29 novembre et 6 décembre 2018

Jiří Veltrusky, A contribution to the semiotics of acting [1976], in David Drozd, Tomas Kacer and Don Sparling, Eds., Theatre Theory Reader. Prague School Writings, Prague, Karolinum Press, 2016, pp.376–424.

Jiří Veltrusky, Dramatic text as a component of theatre [1976], in David Drozd, Tomas Kacer and Don Sparling, Eds., Theatre Theory Reader. Prague School Writings, Prague, Karolinum Press, 2016, pp.247–267.

Ces deux chapitres se complètent, analysant chacun l'un des systèmes sémiotiques entrant comme composants de la sémiose multimodale qu'est la performance (le spectacle).

La figure scénique est ce que le comédien produit sur scène; le personnage est ce qui est donné à voir et à entendre au spectateur. La figure scénique est le signifiant (signans); le personnage est le signifié (signatum). Dans une figure scénique donnée se superposent plusieurs types de signes. Dans le costume des Zannis ['dzanni], par exemple, les valets dans la commedia dell'arte, les indices qui sont par convention en contiguïté (codified contiguity) avec le personnage qui porte un costume donné viennent s'ajouter à la valeur iconique du costume qui désigne le personnage par ressemblance. «La similarité [le costume comme icône] est ici supplantée par la contiguité codifiée [le costume comme index ou indice]», dit Veltrusky (p.391), similarity is superseded by codified contiguity. Ce qui compte dans ces costumes n'est pas que le costume désigne par ressemblance le personnage, mais plutôt que les détails indiciels dont il est orné indiquent la fonction spécifique que le porteur exerce tout au long du spectacle. Brighella par exemple, toujours habillé de vert et blanc avec un masque noir ou olive sur le visage, porte une bourse et un poignard à sa ceinture. Ces indices pointent sa fonction de personnage rusé et manipulateur qui fera rebondir l'intrigue. Le costume d'Arlequin est fait de losanges multicolores. Ils sont les indices de sa fonction scénique qui est de maintenir le rythme de l'action par toutes sortes de pirouettes inconséquentes (pp.391–392).

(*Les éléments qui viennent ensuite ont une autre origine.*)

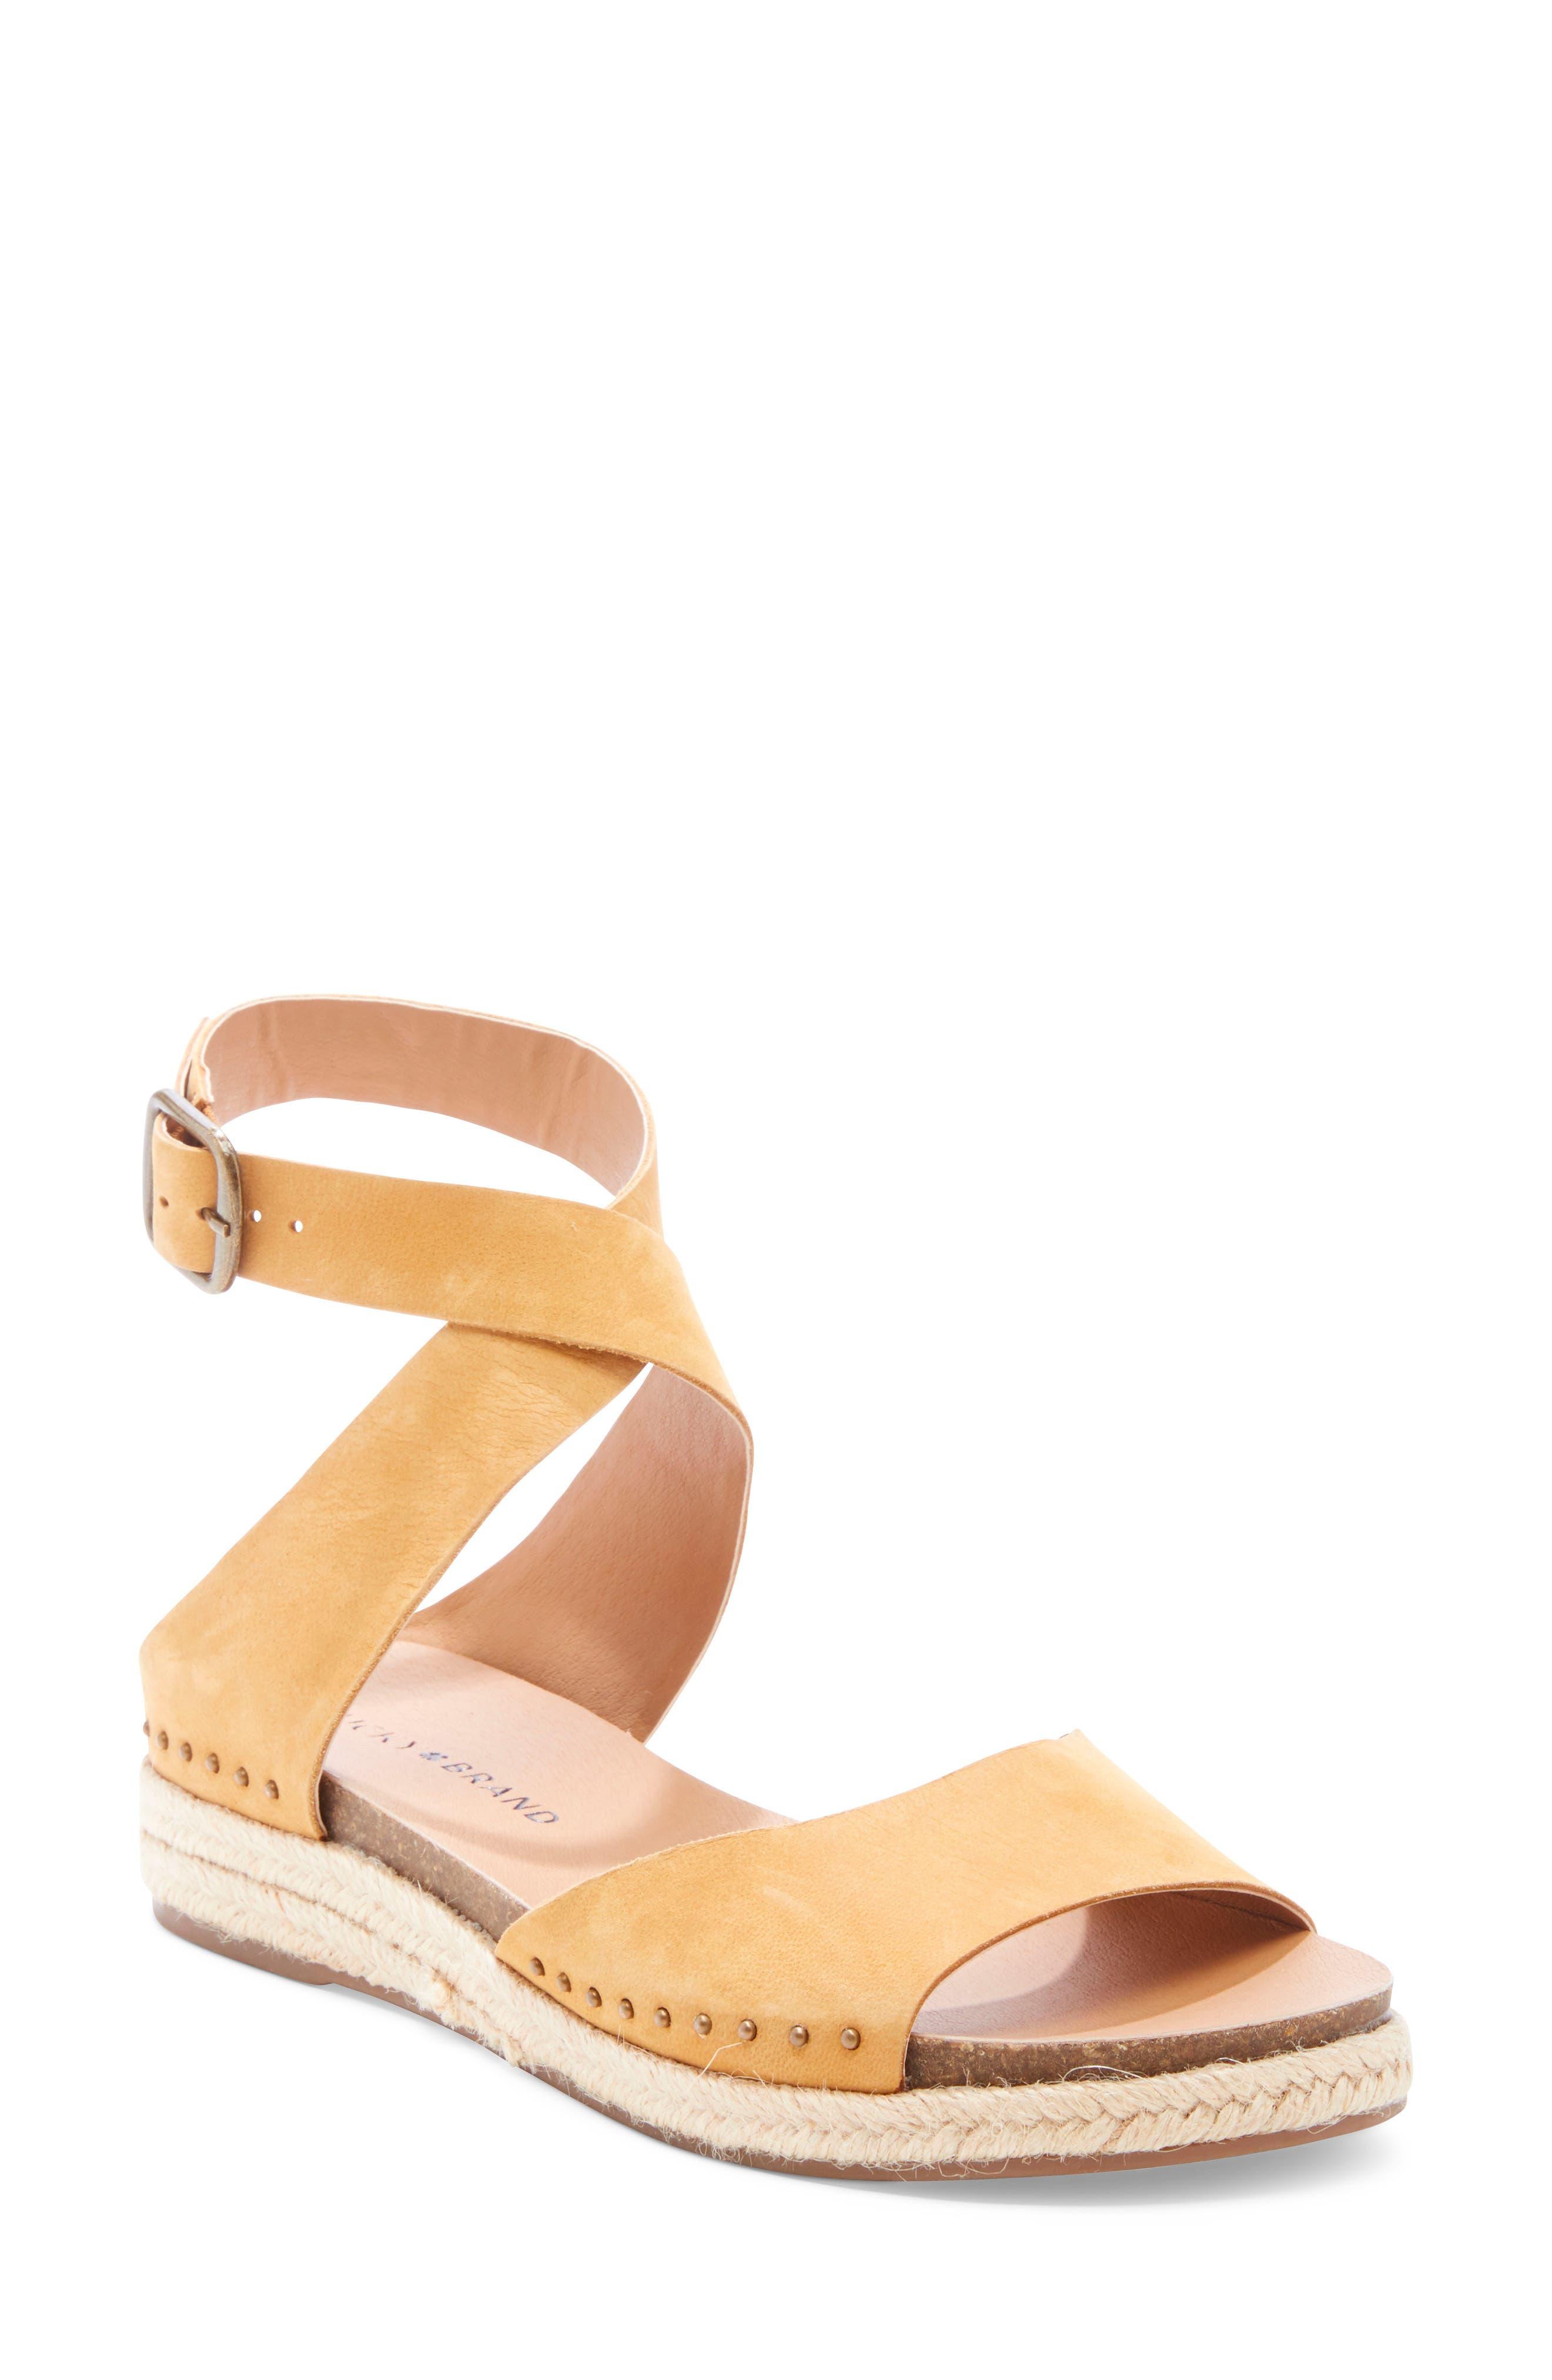 Lucky Brand Gladas Wedge Espadrille Sandal, Brown

L'emploi par Veltrusky des concepts de similarité et de contiguïté est inspiré de Peirce. L'indice selon Peirce est en relation de contiguïté existentielle ou factuelle avec l'objet qu'il désigne. Mais les conventions théâtrales créent un nouveau type d'indices qui sont par convention en «contiguïté codifiée» avec l'objet qu'ils désignent, comme ci-dessus les losanges multicolores avec la fonction scénique de bouffon. Ce qui caractérise le jeu de l'acteur comme système sémiotique, c'est, si l'on veut bien excuser cet anachronisme, la multimodalité, ou comme dit Veltrusky (p.393), c'est que le jeu de l'acteur (acting), «en combinant les signes empruntés à tous les autres systèmes sémiotiques qu'il met en œuvre, opère une fertilisation croisée de leurs modes de sémiose respectifs», by combining the signs borrowed from all the other systems it "cross-fertilizes" their respective modes of semiosis, so to speak.

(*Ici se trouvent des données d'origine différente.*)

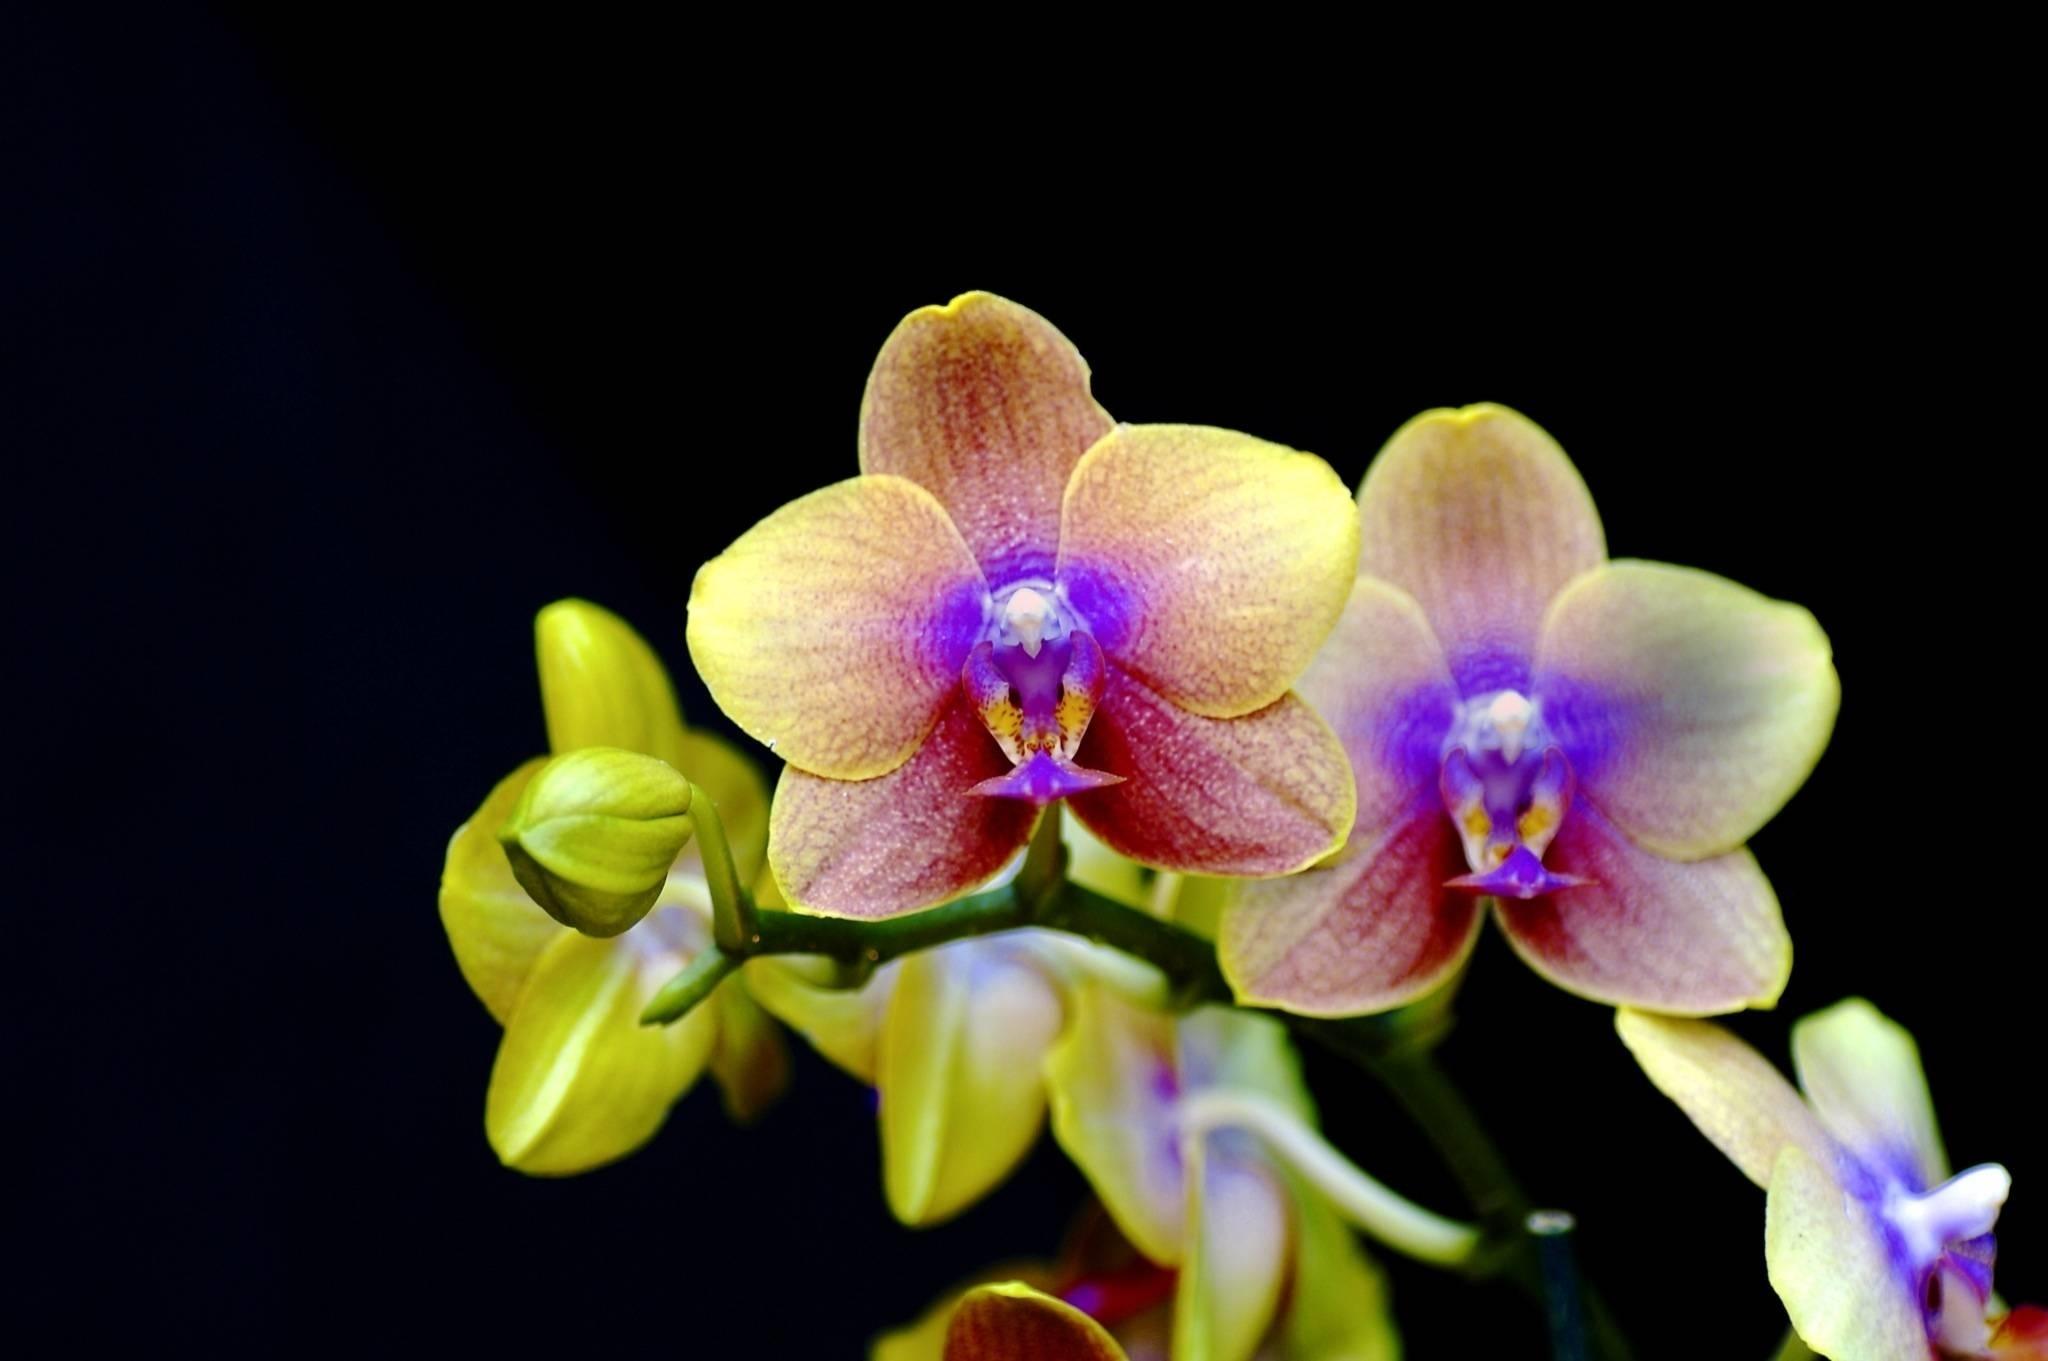 Orchidee in casa - Orchidee

Le mot anglais drama désigne (1) une pièce de théâtre et (2) une structure dramatique: (p.247) the dramatic text performed in the theatre belongs to the dramatic genre. Texte et structure dramatique entrent comme composants dans le spectacle porté à la scène. Veltrusky se limite ici au cas d’un théâtre du texte et d’une pièce de théâtre dont le metteur en scène ne change ni le genre littéraire ni la structure (ce qui serait le cas s’il remplaçait la structure dramatique par une structure narrative ou lyrique par exemple).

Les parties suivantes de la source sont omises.